The Malian soldiers who forced President Ibrahim Boubacar Keita to resign in a coup promised early Wednesday to organize new elections after their takeover was swiftly condemned by the international community.

In a statement carried overnight on state broadcaster ORTM, the mutinous soldiers who staged Tuesday’s military coup identified themselves as the National Committee for the Salvation of the People led by Colonel Major Ismael Wagué.

“With you, standing as one, we can restore this country to its former greatness,” Wagué said, announcing that borders were closed and that a curfew was going into effect from 9 p.m. to 5 a.m

The news of Keita’s departure was met with jubilation by anti-government demonstrators in the capital, Bamako, and alarm by former colonial ruler France and other allies and foreign nations.

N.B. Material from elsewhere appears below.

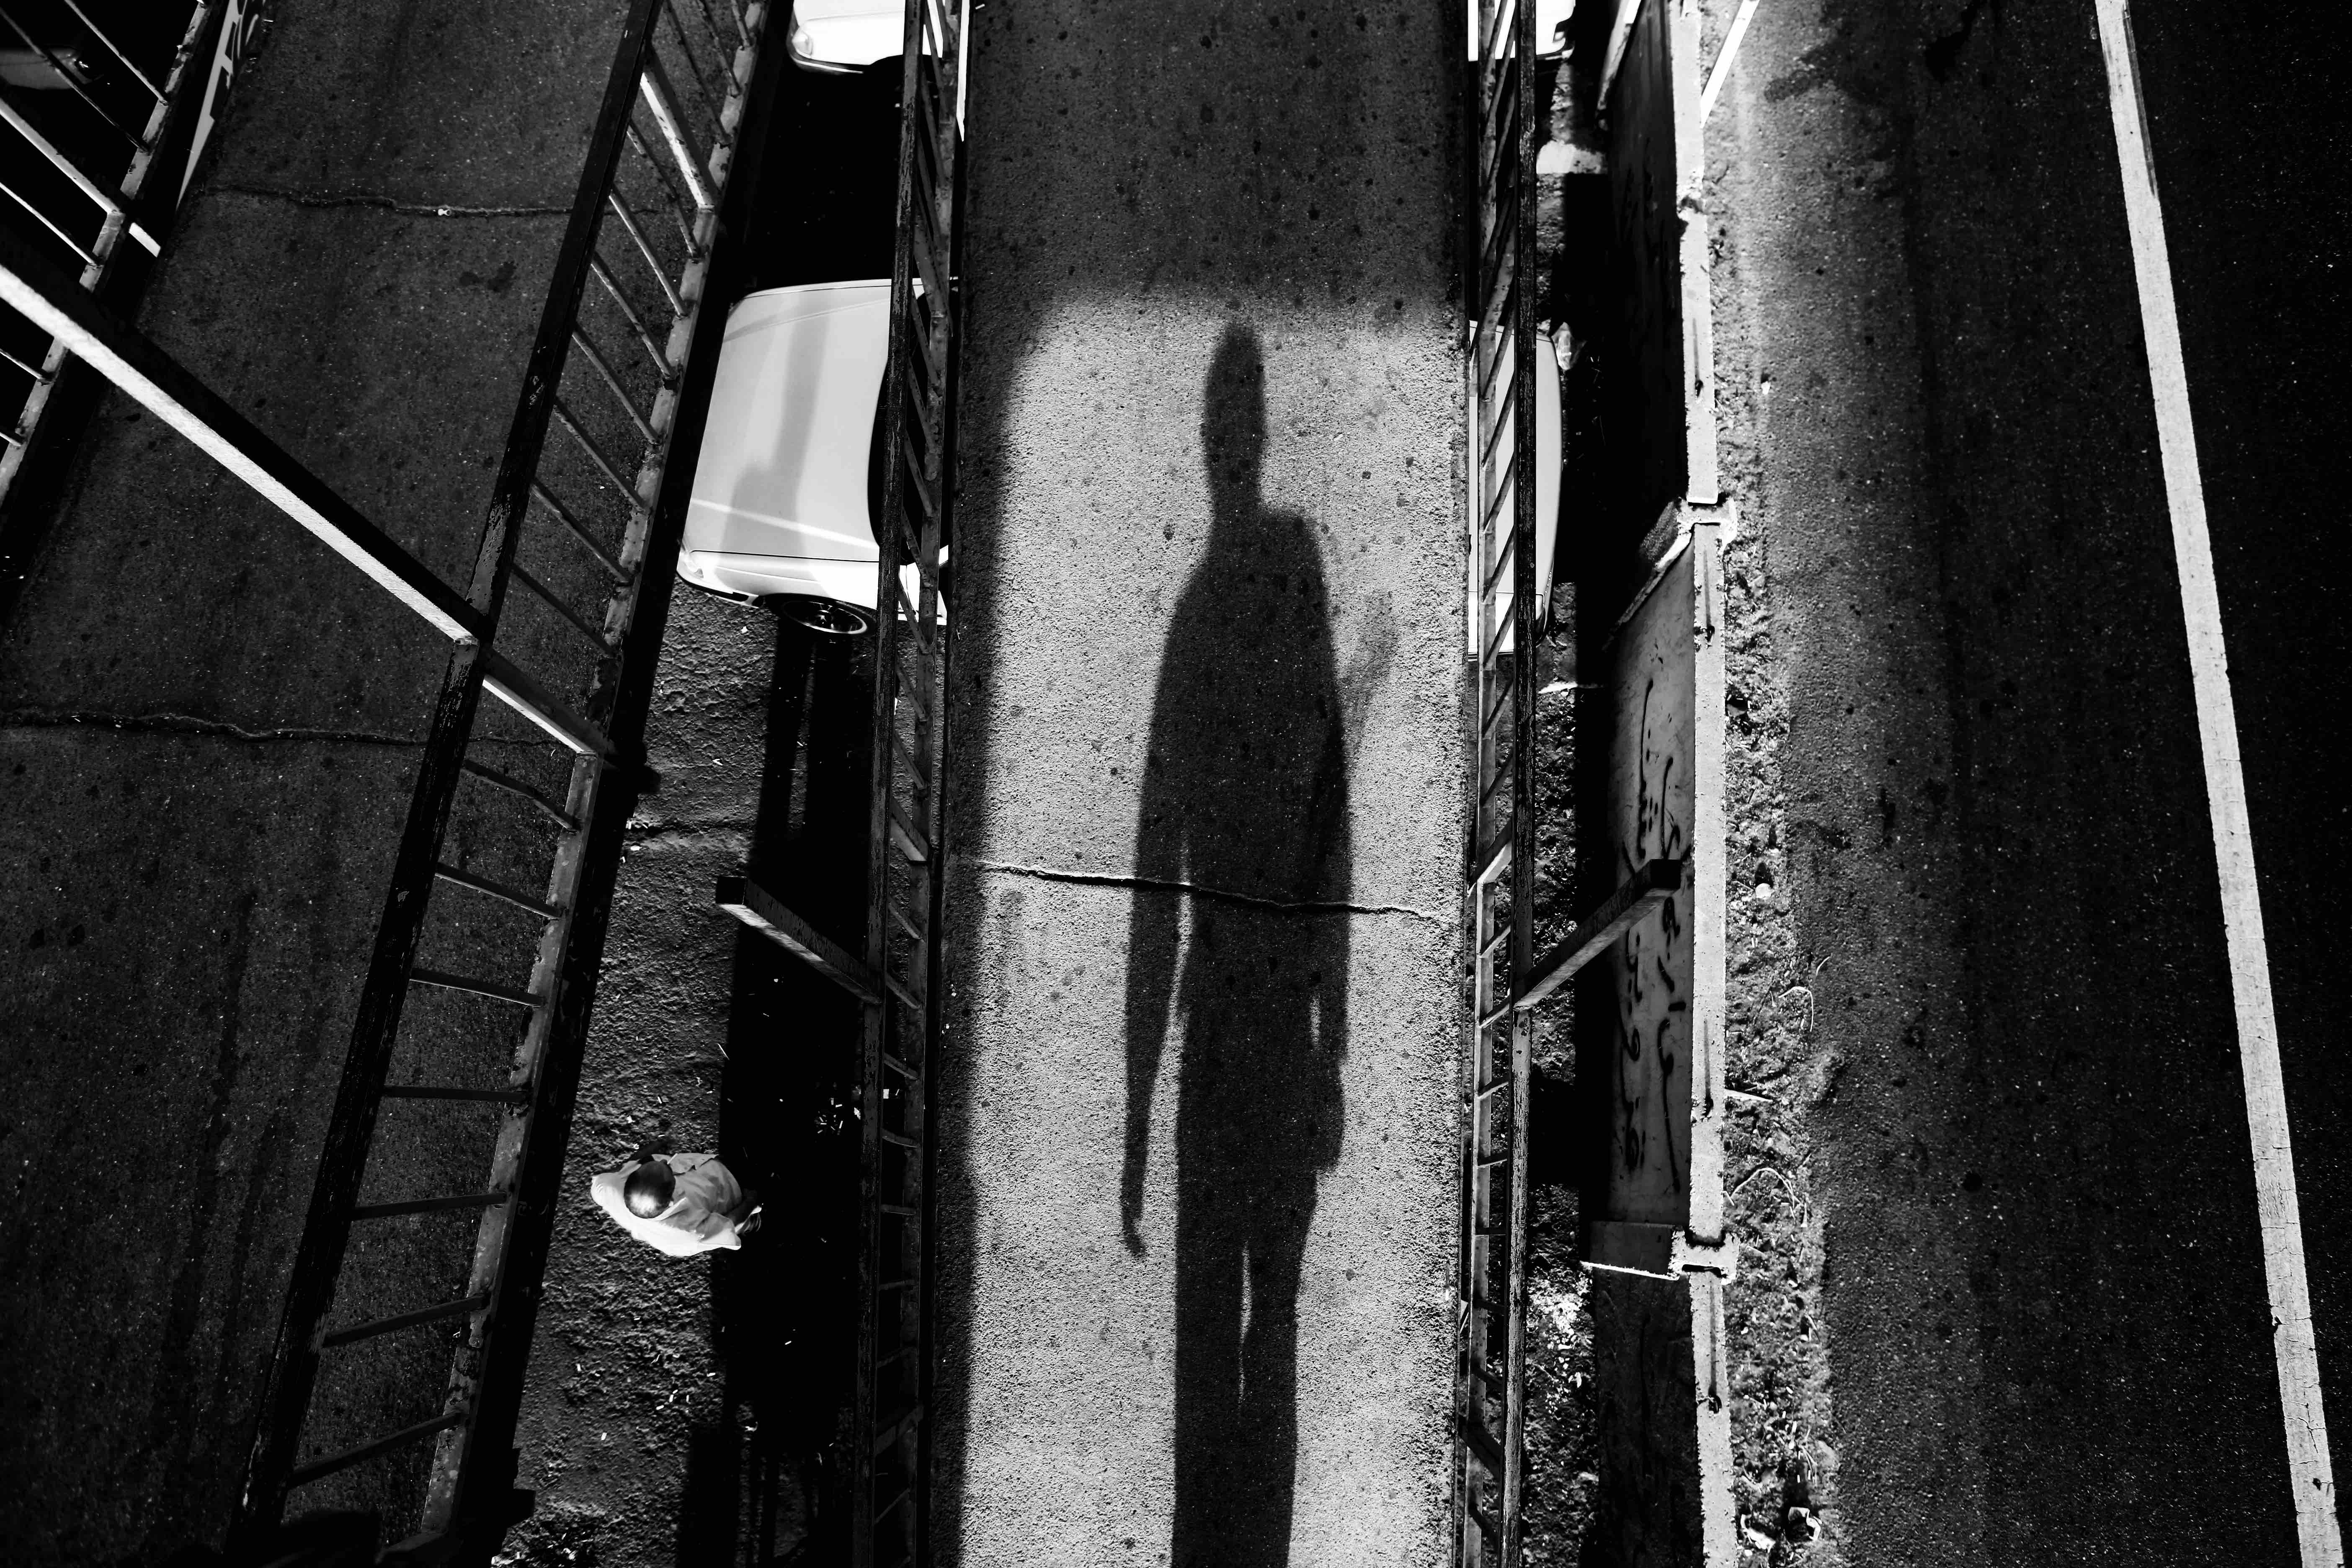 Untitled (8)_ The Life Of Shadows Series - Nehdaran_ Dana
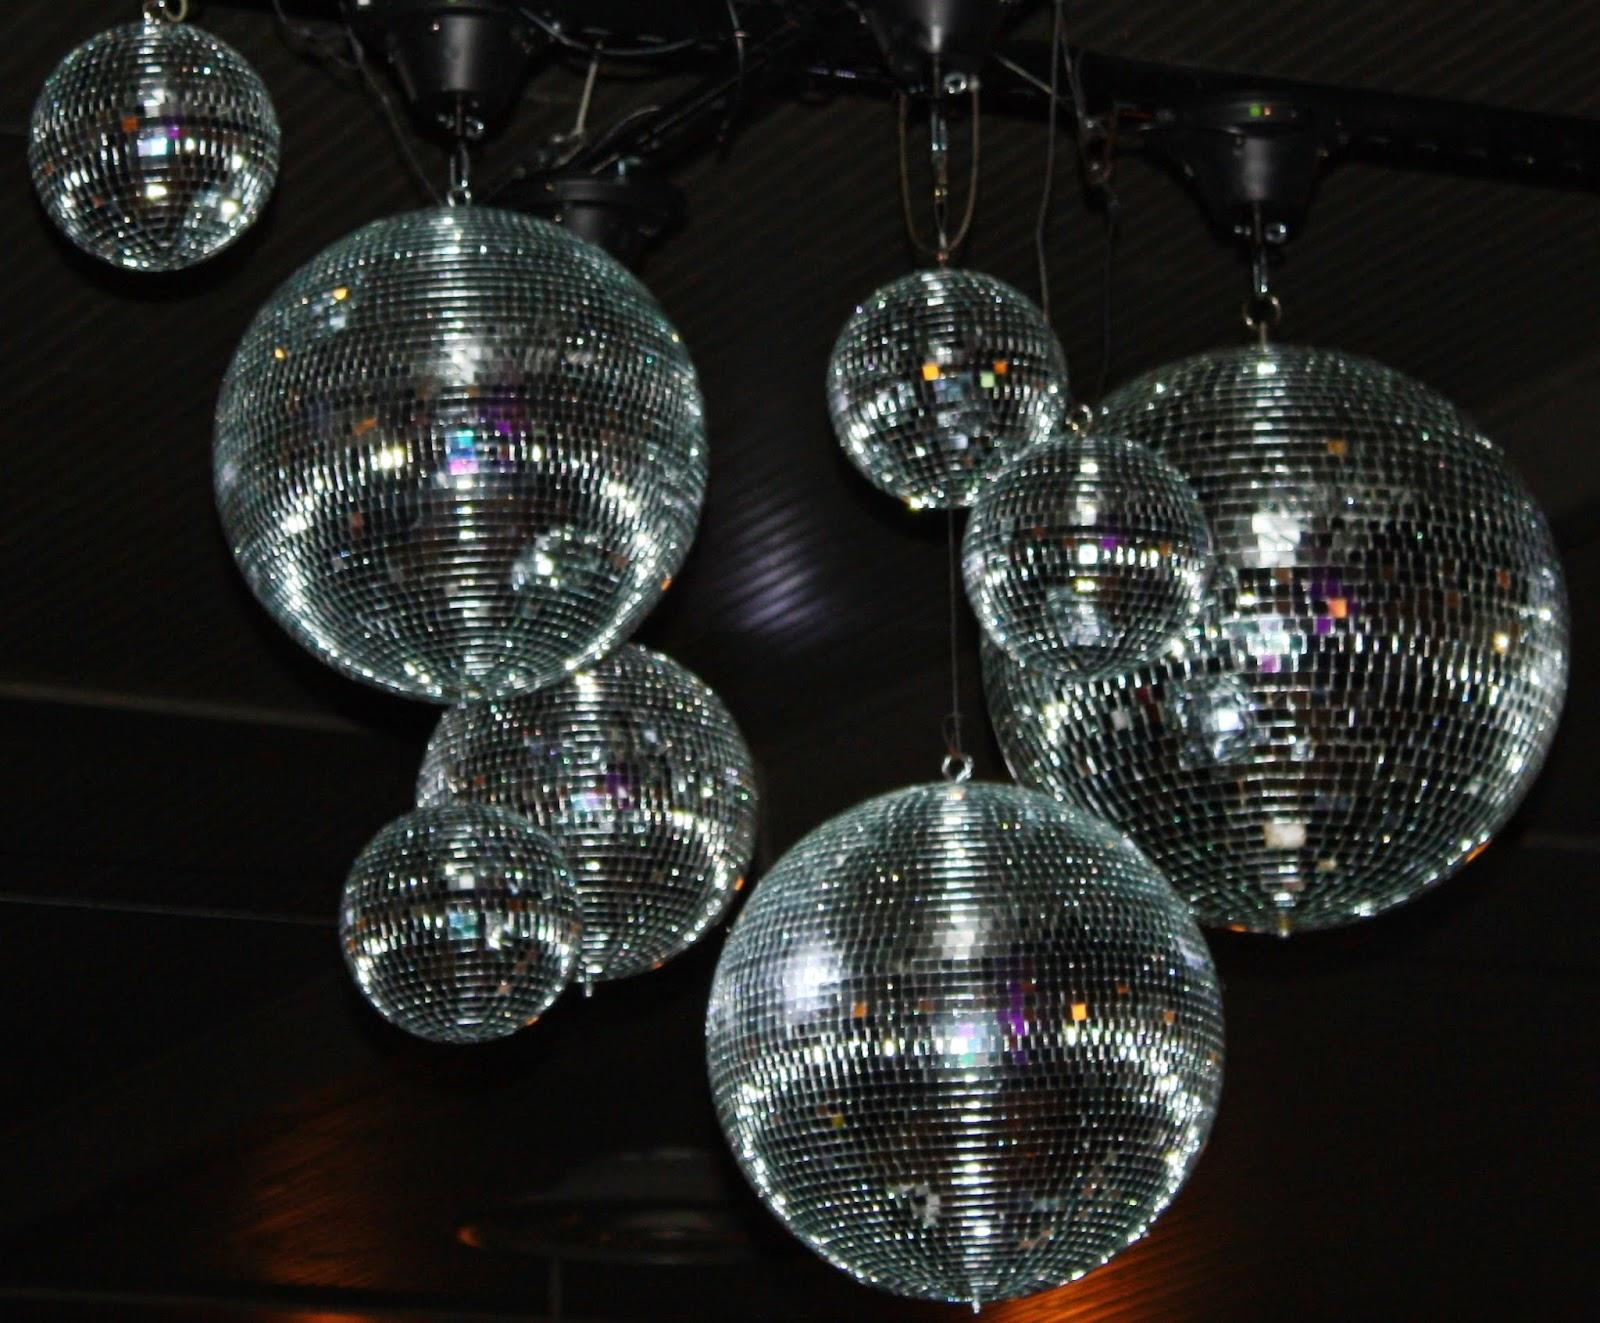 Dia events taste of billings 2015 at the billings depot mirror ball chandelier arubaitofo Gallery

The U.N. Security Council scheduled a closed meeting Wednesday August 19, 2020 afternoon to discuss the unfolding situation in Mali, where the U.N. has a 15,600-strong peacekeeping mission. Keita, who was democratically elected in a 2013 landslide and re-elected five years later, still had three years left in his term.

But his popularity had plummeted, and demonstrators began taking to the streets calling for his ouster in June.

West African regional bloc ECOWAS had sent mediators to try and negotiate a unity government but those talks fell apart when it became clear that the protesters would not accept less than Keita’s resignation.